Return the data below unchanged. Drop any pictures.

Recorded information section start

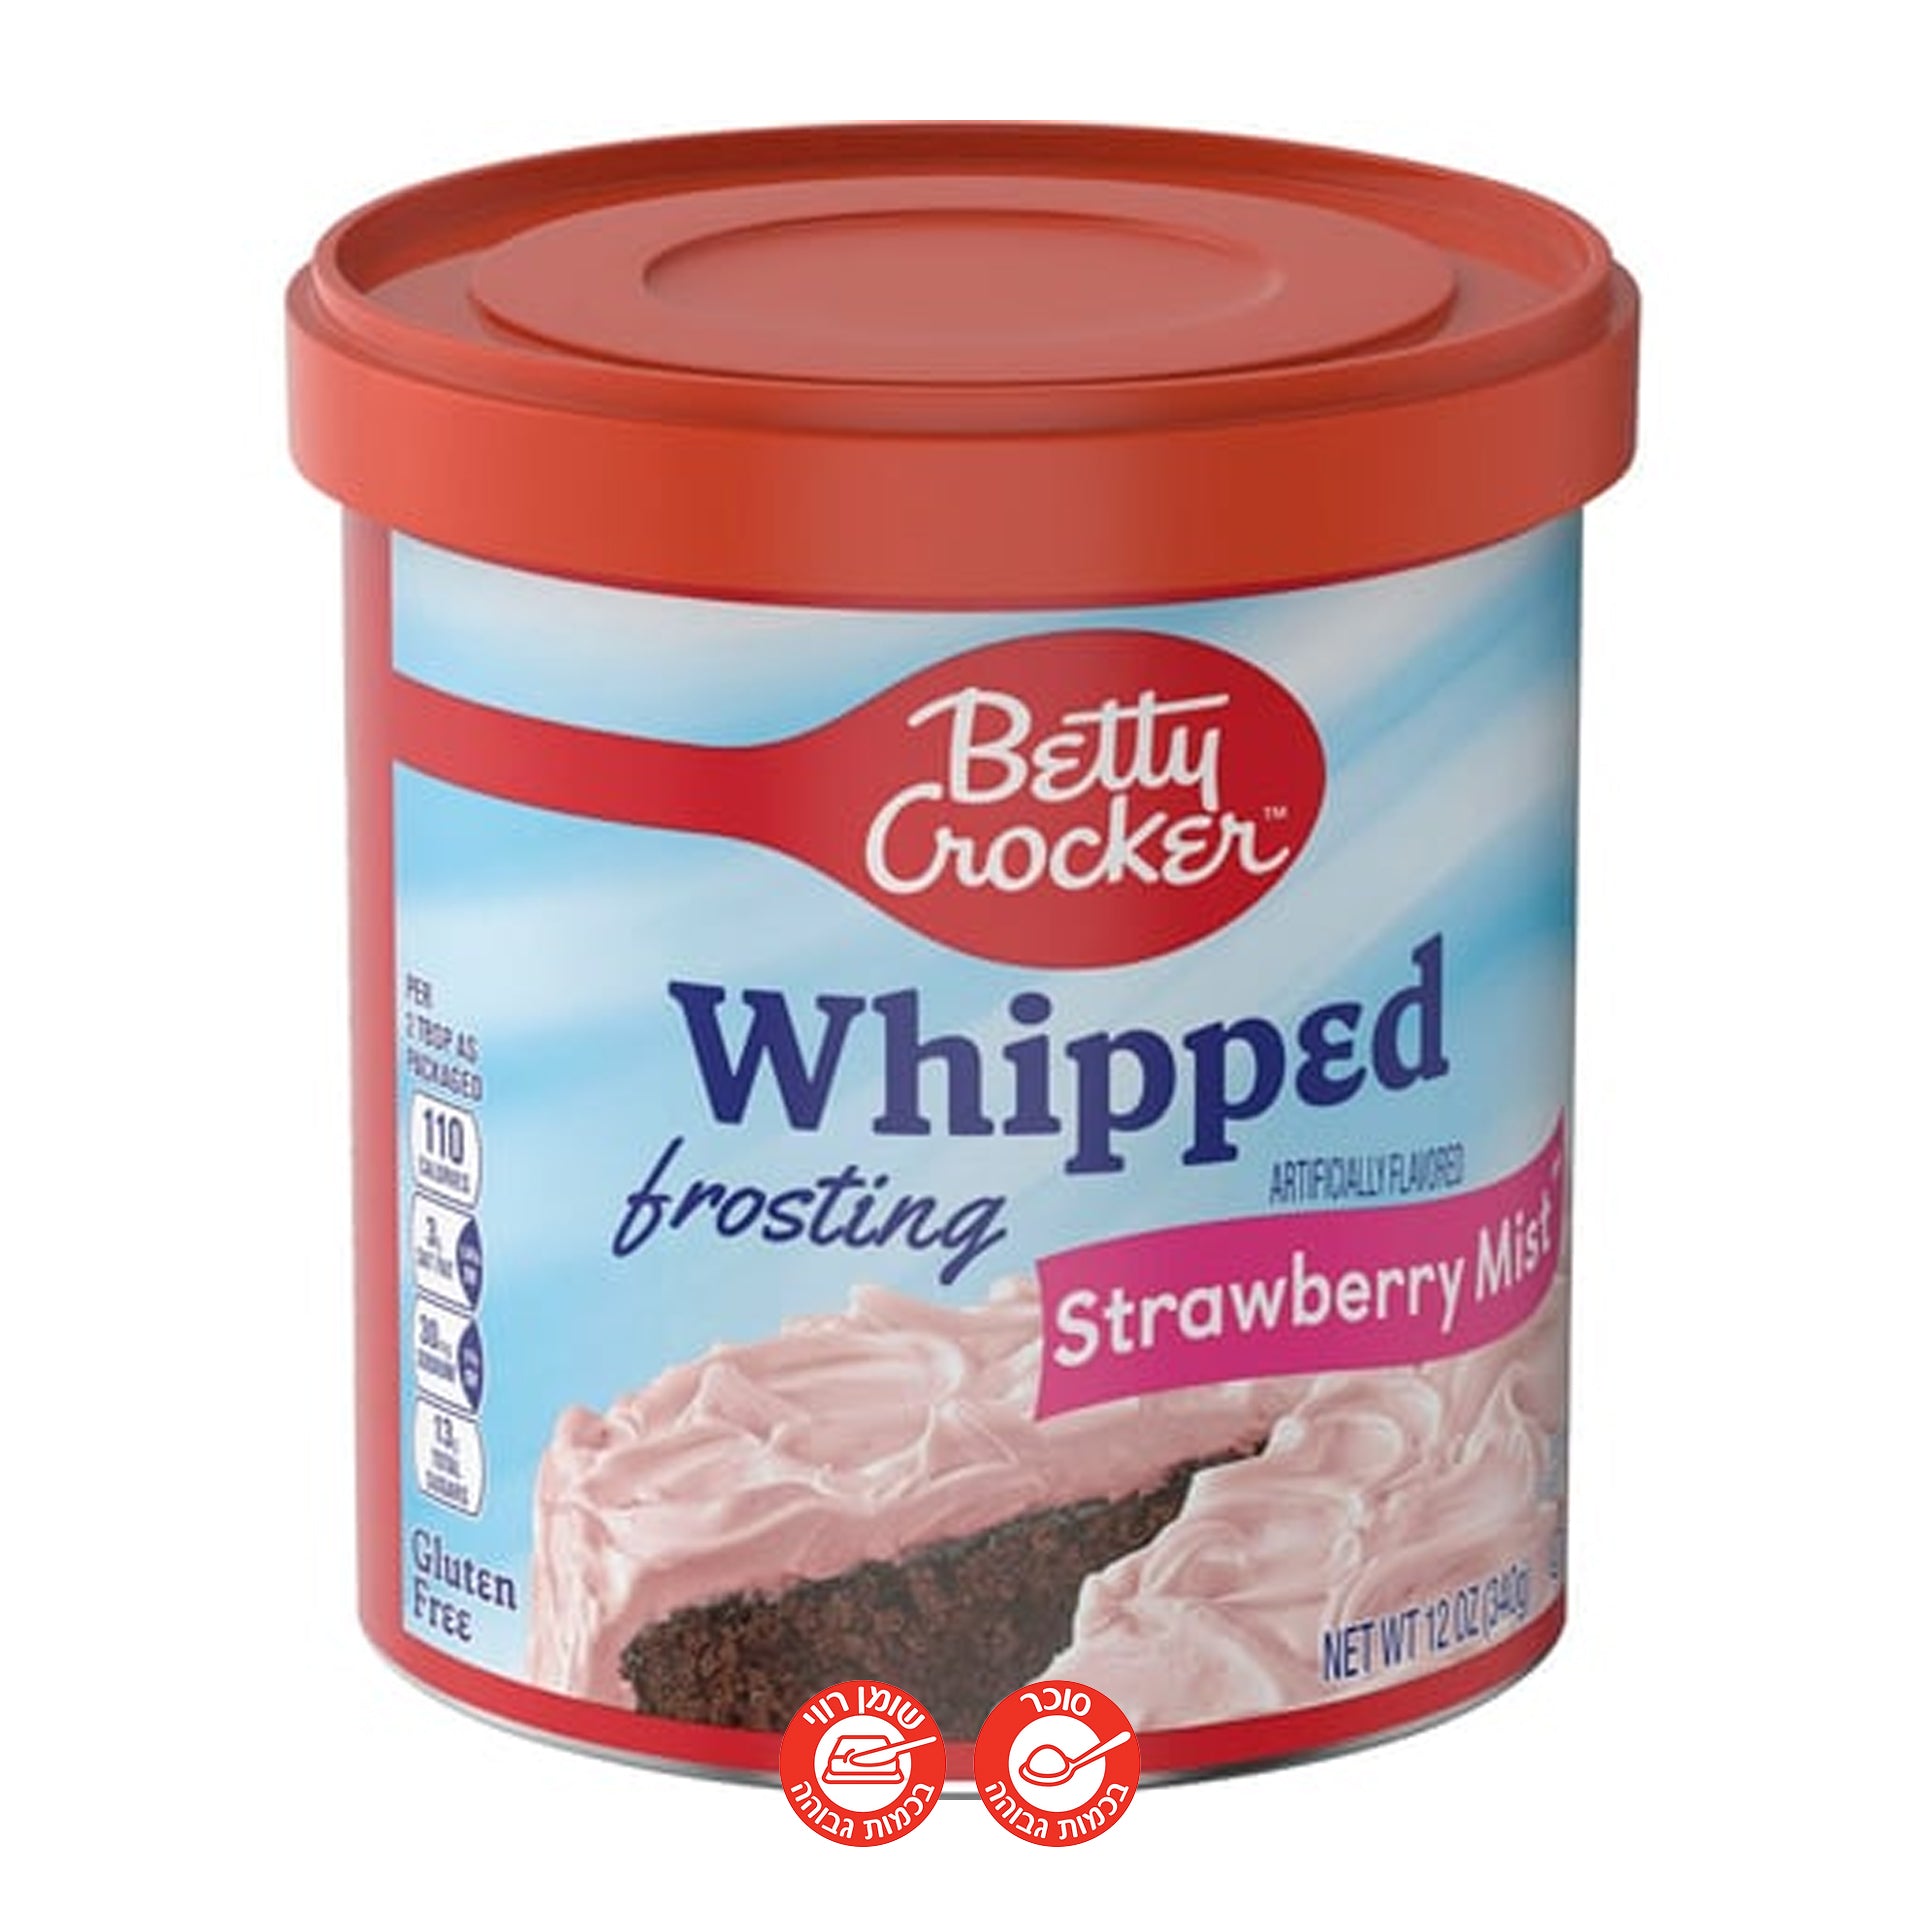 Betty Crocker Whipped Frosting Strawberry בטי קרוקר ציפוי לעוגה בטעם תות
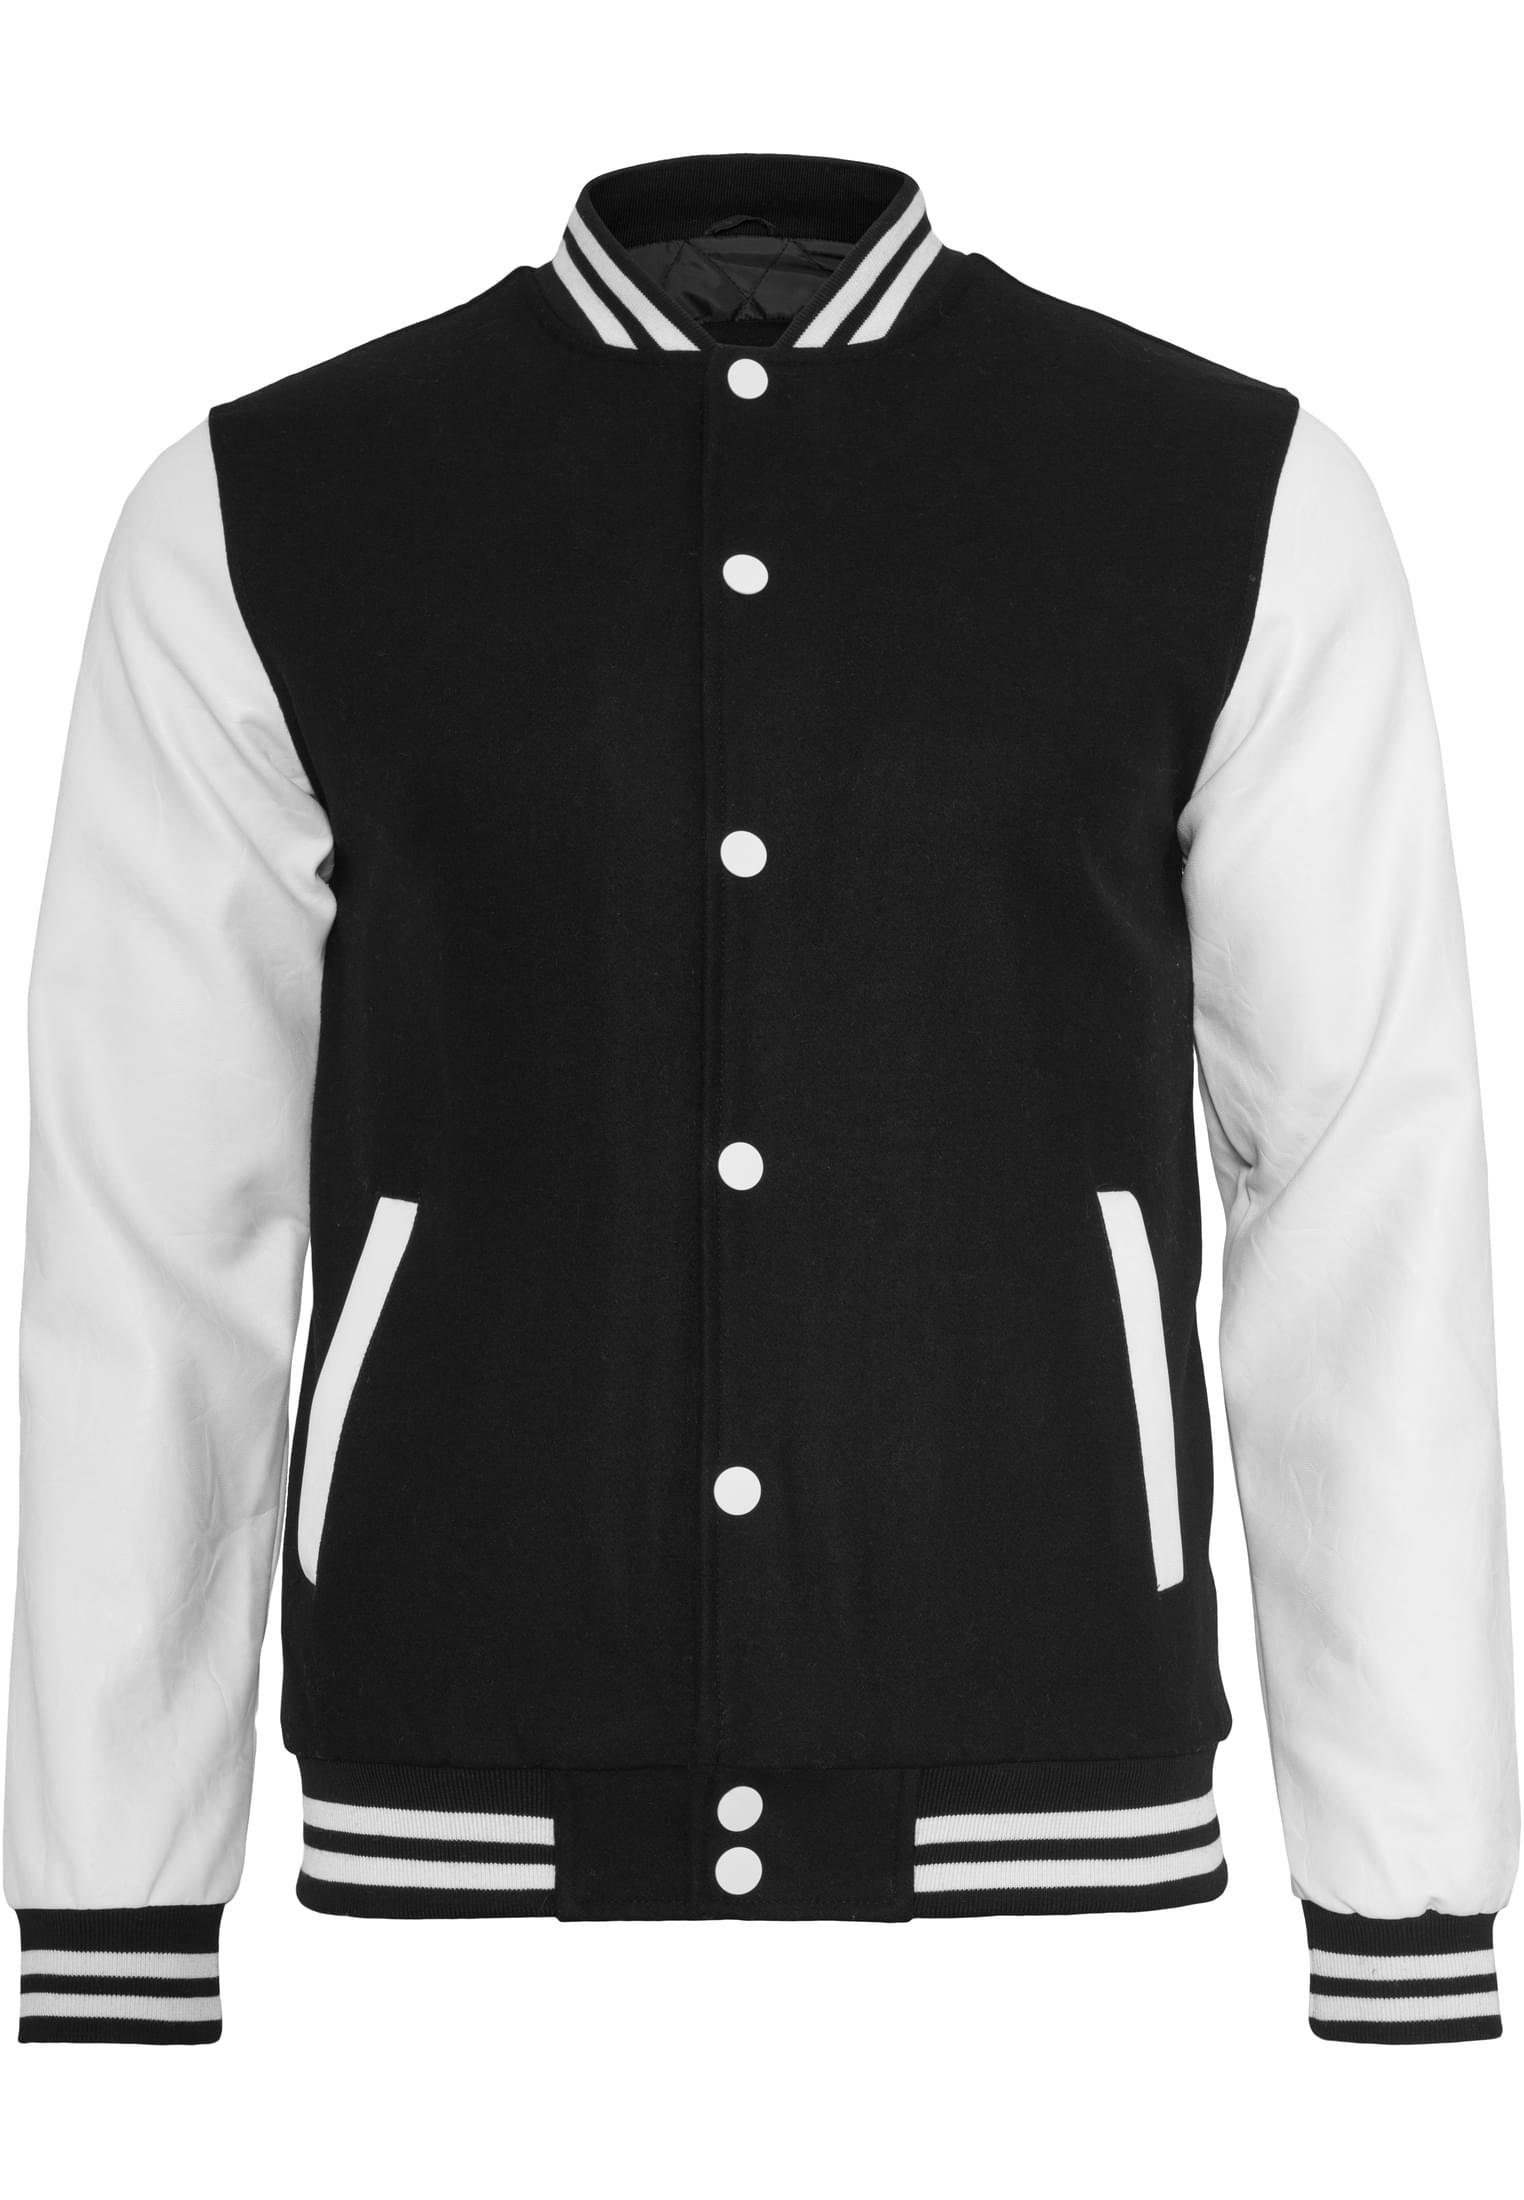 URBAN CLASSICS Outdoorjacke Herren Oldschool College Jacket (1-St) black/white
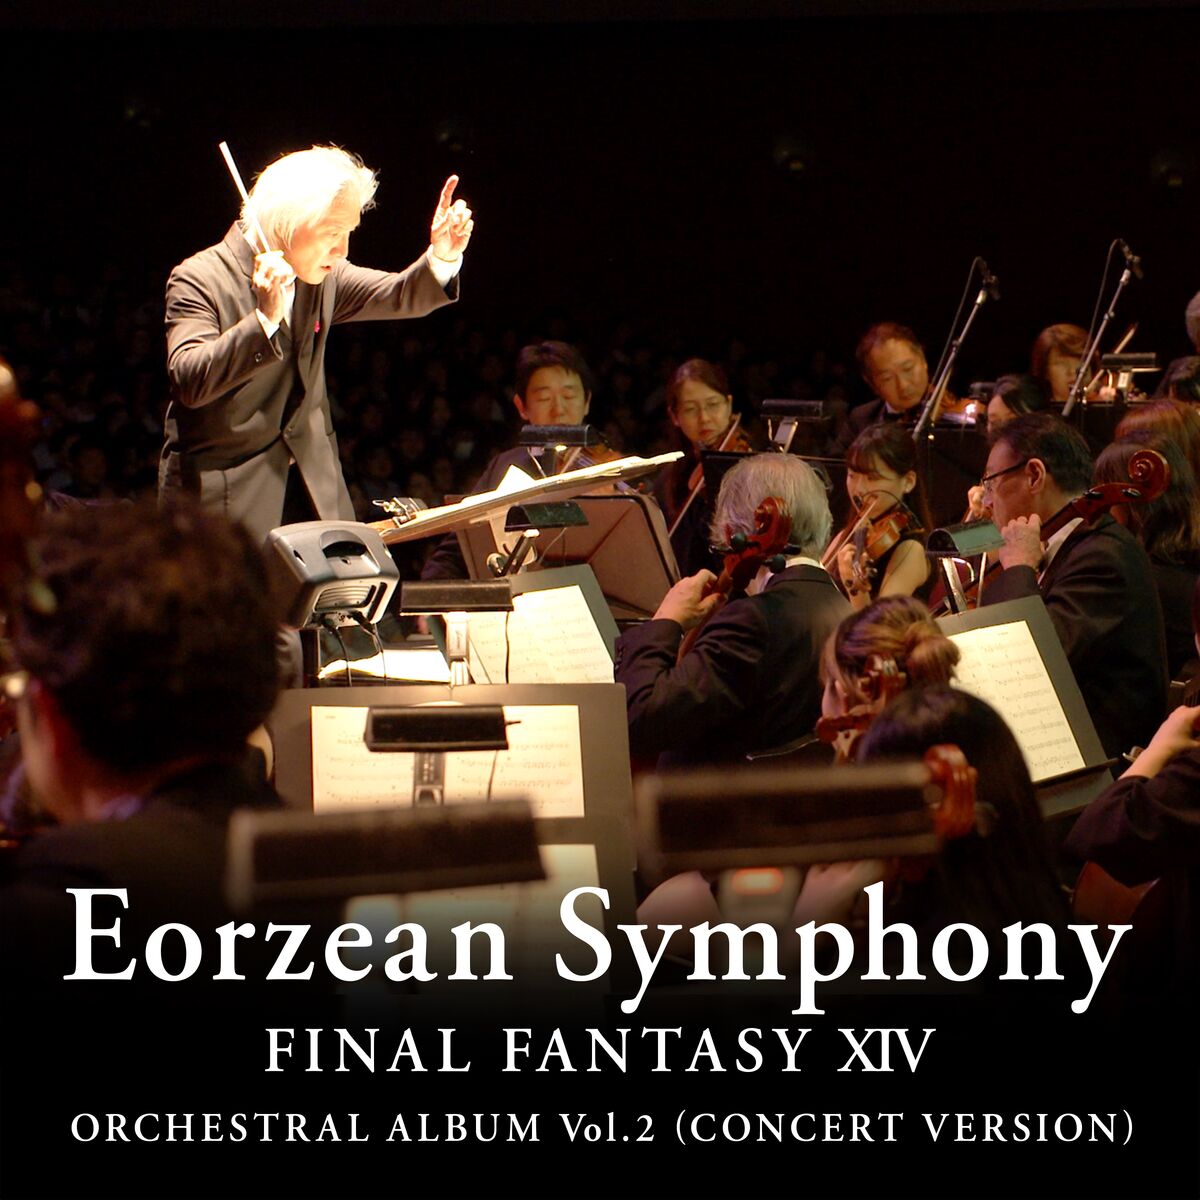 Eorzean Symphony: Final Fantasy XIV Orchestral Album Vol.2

Recorded information section end

Task answer
 Betty Crocker Whipped Frosting Strawberry בטי קרוקר ציפוי לעוגה בטעם תות
 URBAN CLASSICS Outdoorjacke Herren Oldschool College Jacket (1-St) black/white
 Eorzean Symphony: Final Fantasy XIV Orchestral Album Vol.2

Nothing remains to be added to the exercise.